# Newest Acquisition



## Noxx (Feb 14, 2010)

I think I'm beginning to be addicted to shinny stuff !


----------



## butcher (Feb 14, 2010)

Beginning??? I think your already there.


----------



## Noxx (Feb 14, 2010)

Yea, I think you're right...


----------



## aflacglobal (Feb 15, 2010)

Somebody calculate the yield on that.

I've seen it all now.Gold briefcase and gold shoes, now all you need is a gold Macbook.


----------



## Noxx (Feb 15, 2010)

Ya, that'd be nice too !


----------



## leavemealone (Feb 15, 2010)

Nick I think you may need some counseling.But don't worry.......I'll watch the house while you're gone...lol.
Did you watch the lighting of the torch?If not you missed,gretzky was suppose to light this big stucture that didn't lift up properly.It still worked but was just missing one part.
Johnny


----------



## Irons (Feb 15, 2010)

Better not go into any rough neighborhoods. :mrgreen: 

Now, all you need is some heavy Gold chains and Elvis sunglasses.


----------



## leavemealone (Feb 15, 2010)

I thought he bought that stuff already when he bought the sideburns......J/K nick.
Johnny


----------



## Palladium (Mar 1, 2010)

Man y'all never guess what happened to me today.

I was riding a horse and wasn't paying attention to what was going on around me. I fell off the horse while it was going and like to have gotten trampled under its feet. People were yelling and some where laughing. It wasn't a pretty site.
Luckily for me the Wal-Mart supervisor seen what was going on and came over and unplugged the dam thing before i really got hurt.

:shock: :shock: :shock:


----------



## glorycloud (Mar 1, 2010)

:roll:


----------



## Irons (Mar 1, 2010)

Palladium said:


> Man y'all never guess what happened to me today.
> 
> I was riding a horse and wasn't paying attention to what was going on around me. I fell off the horse while it was going and like to have gotten trampled under its feet. People were yelling and some where laughing. It wasn't a pretty site.
> Luckily for me the Wal-Mart supervisor seen what was going on and came over and unplugged the dam thing before i really got hurt.
> ...



Beastiality in public is a no-no.


----------



## Barren Realms 007 (Mar 1, 2010)

He's trying to keep it in the family. :roll:


----------



## Noxx (Mar 3, 2010)

Lol 

BTW, I received the case a few weeks ago and my bank rep asked me if it was real gold... :shock:


----------



## Palladium (Mar 4, 2010)

Ohhh Myyy God :shock: :shock: :shock: 

He does carry it in public.  

You need to get two of your buddies and have them wear suits with sunglasses and have each one stay one step behind you, one one the left , one on the right. Walk off in there like you own the place. Walk with authority and pose. Oh this would be to funny. This is something i would try.


----------



## Oz (Mar 4, 2010)

You are gathering some nice bling. But all fun aside, do not make a target of yourself! 
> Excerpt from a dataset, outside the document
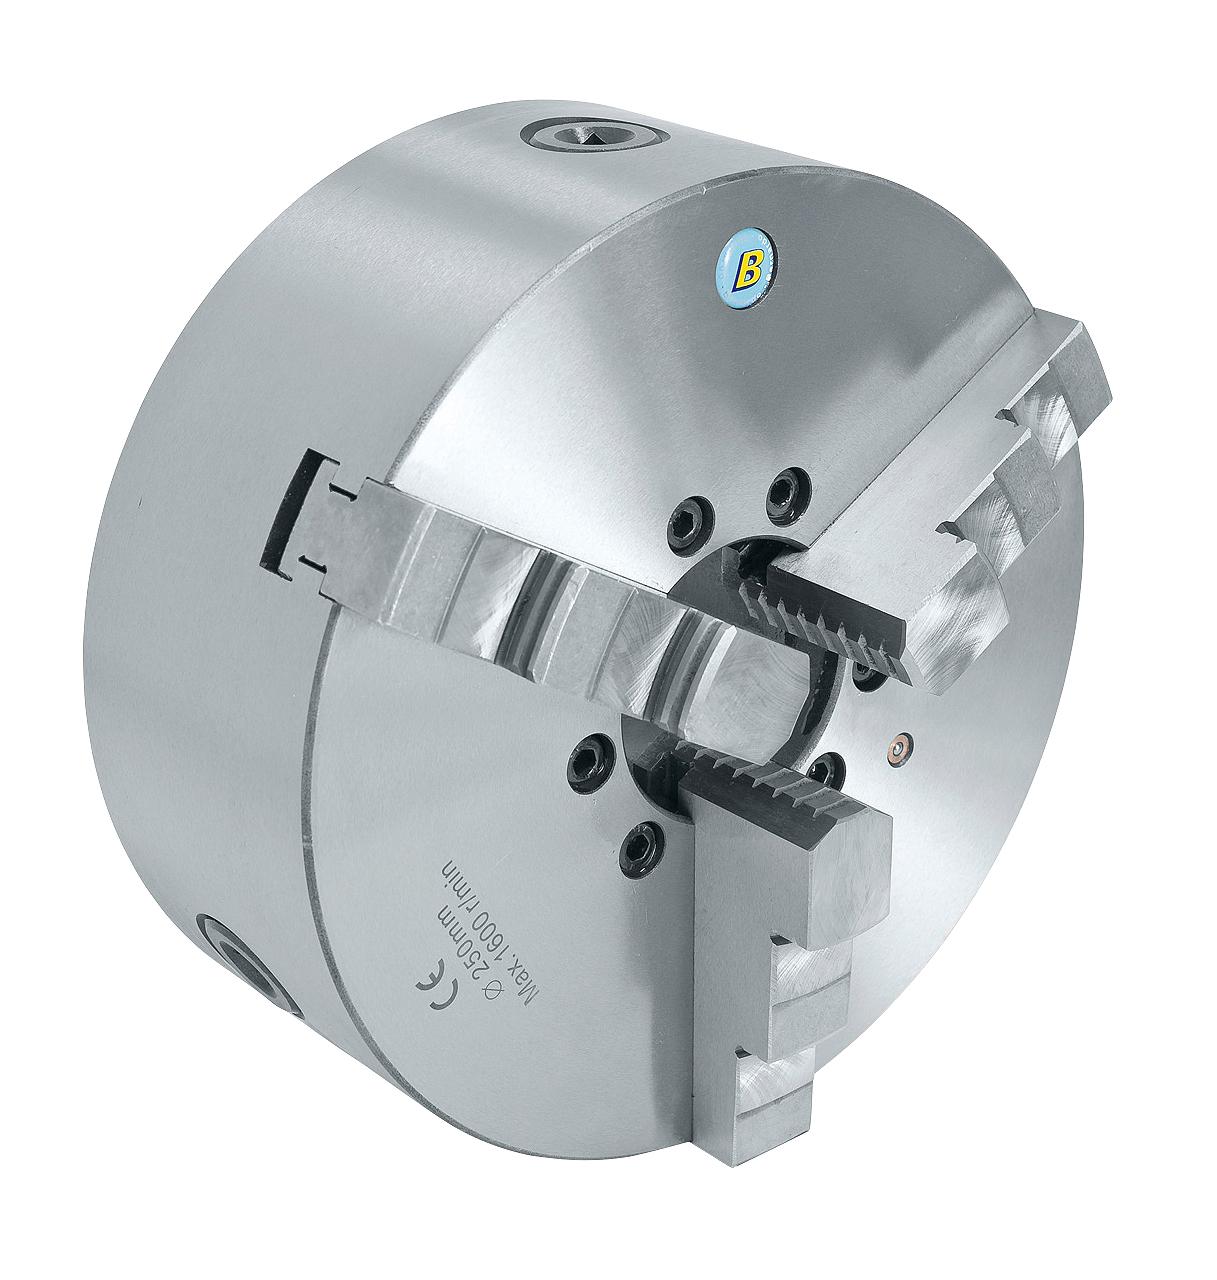 Uchwyt tokarski 3-szczękowy, precyzyjny, żeliwny, DK11-160 DIN 6350  BERNARDO

I used to transact a lot of business that required I carry large sums of cash. I intentionally dressed down to look the part of your average construction worker or farmer, the odds of someone thinking I had something worth stealing were 1 in a million. You can put a lot of money in a lunch box.


----------



## 2002valkyrie (Mar 17, 2010)

Well I'm a coffee drinker my self so I would need a large coffee cup made of gold. So when I was walking through the thrift store and spotted two gold plated cups I thought of Noxx and everything needing to be gold except coffee cups... See pictures :arrow:
I can't help but laugh thinking about what the person's reaction might have been after turning the microwave oven on to reheat their coffee.

And that's why a gold coffee cup is a bad idea.


----------



## gorfman6154 (Mar 18, 2010)

Palladium said:


> Ohhh Myyy God :shock: :shock: :shock:
> 
> He does carry it in public.
> 
> You need to get two of your buddies and have them wear suits with sunglasses and have each one stay one step behind you, one one the left , one on the right. Walk off in there like you own the place. Walk with authority and pose. Oh this would be to funny. This is something i would try.






:mrgreen: :mrgreen: :mrgreen: 

Gorfman


----------